A partir de 2007, Netflix conquiert la planète avec son service de video on demand et multiplie la création et la diffusion de séries provenant du monde entier. Des millions de téléspectateurs découvrent alors des séries turques, coréennes, indiennes, israéliennes (de plus en plus plébiscitées) et même françaises.
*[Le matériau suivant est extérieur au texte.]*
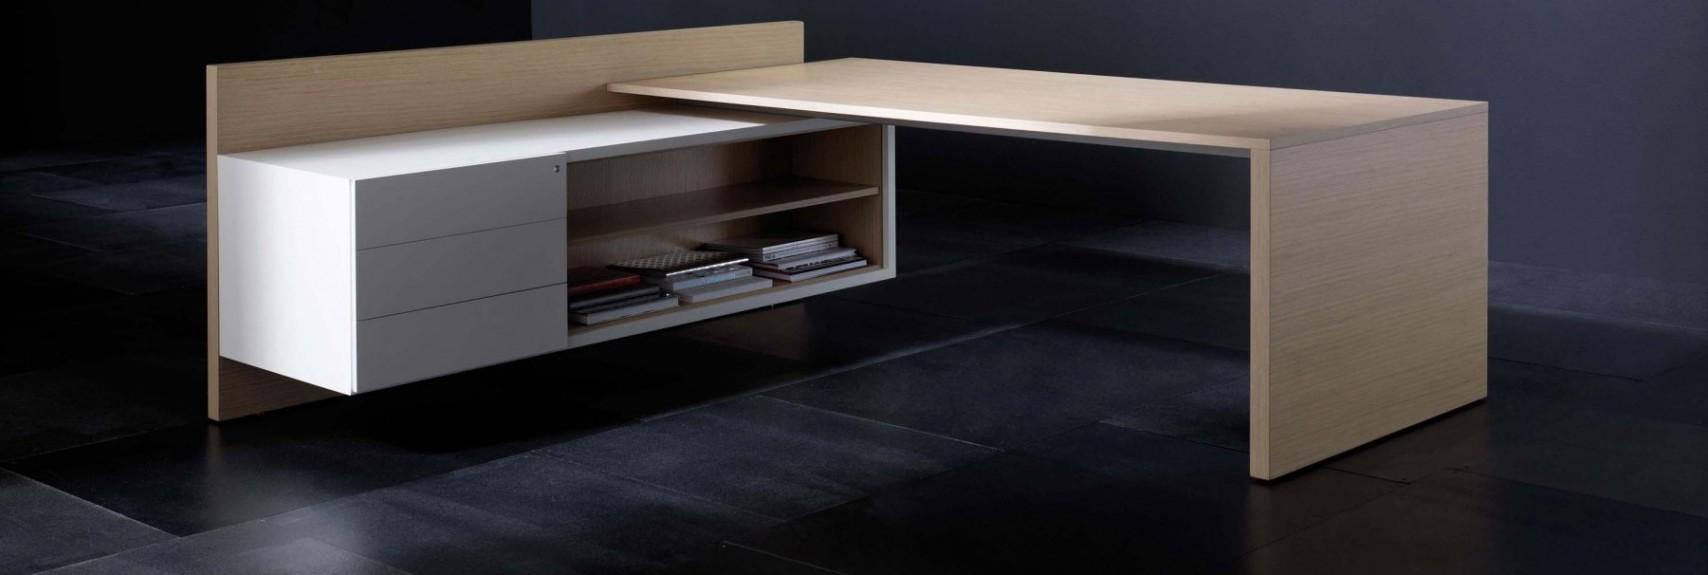 Muebles Directo Gijon - Muebles De Oficina Asturias Idea Creativa Della Casa E Dell [mjhdah]http://mueblesdirecto.com/fichas/imagenes/1.jpg

L'une des premières créations françaises produite par Netflix : Marseille, n'a pas été une grande réussite, mais Lupin, avec Omar Sy, qui n'est pourtant pas très originale, est en train de devenir la série la plus regardée de toute l'histoire de la plateforme et a permis au gentleman cambrioleur cher à Maurice Leblanc de retrouver, pour un temps, la place qu'il mérite sur les tables des librairies.

Le chemin a été long et escarpé depuis L'homme du Picardie mais la production française a commencé à rattraper son retard avec des séries comme Baron Noir, Engrenages,Le Bureau des légendes, Dix pour cent et bientôt En Thérapie et surtout Paris Police 1900 qui, avec son allure de spin-off des Brigades du Tigre est assez prometteuse.

À suivre.

 

 

GLOSSAIRE

 

Binge watching : Action de regarder de nombreux épisodes d'une série à la suite

Caméo : Courte apparition dans un film ou dans une série d'un acteur, d'une actrice où même du réalisateur de l'œuvre

Cliffhanger : Scène de fin d'épisode noù tout reste en suspens. Ce procédé fut primitivement utilisé dans les sérials pour obliger le spectateur à regarder l'épisode suivant.

Ensemble show : Série qui n'a pas un mais plusieurs personnages principaux

Formula show : Série dont la construction de chaque épisode repose sur le même schéma narratif, en général « le crime de la semaine »

Peak TV : Époque actuelle de la télévision qui se caractérise par une surabondance de séries.

Reboot : Version nouvelle d'une ancienne série. Le concept de départ est le même mais la suite se démarque de la série originelle.

Showrunner : Créateur et/ou responsable d'une série.

Sitcom : série comique ou comédie de situation mettant en scène un groupe d'individus et tournée devant un public dont on entend les rires.

Spin-off : Série qui reprend un personnage secondaire d'une autre série pour en faire un personnage principal

Streaming : Technique de diffusion de séries, en ligne et en continu, employée notamment par Netflix

Whodunit : Terme provenant du roman policier, compression de l'expression anglaise « who has done it ? » et désignant le type de série dont l'histoire s'articule autour de la découverte du coupable.

 

Le commentaire de sitaudis.fr

Saison 1, épisode 1 d'une chronique régulière du même auteur et consacrée aux séries.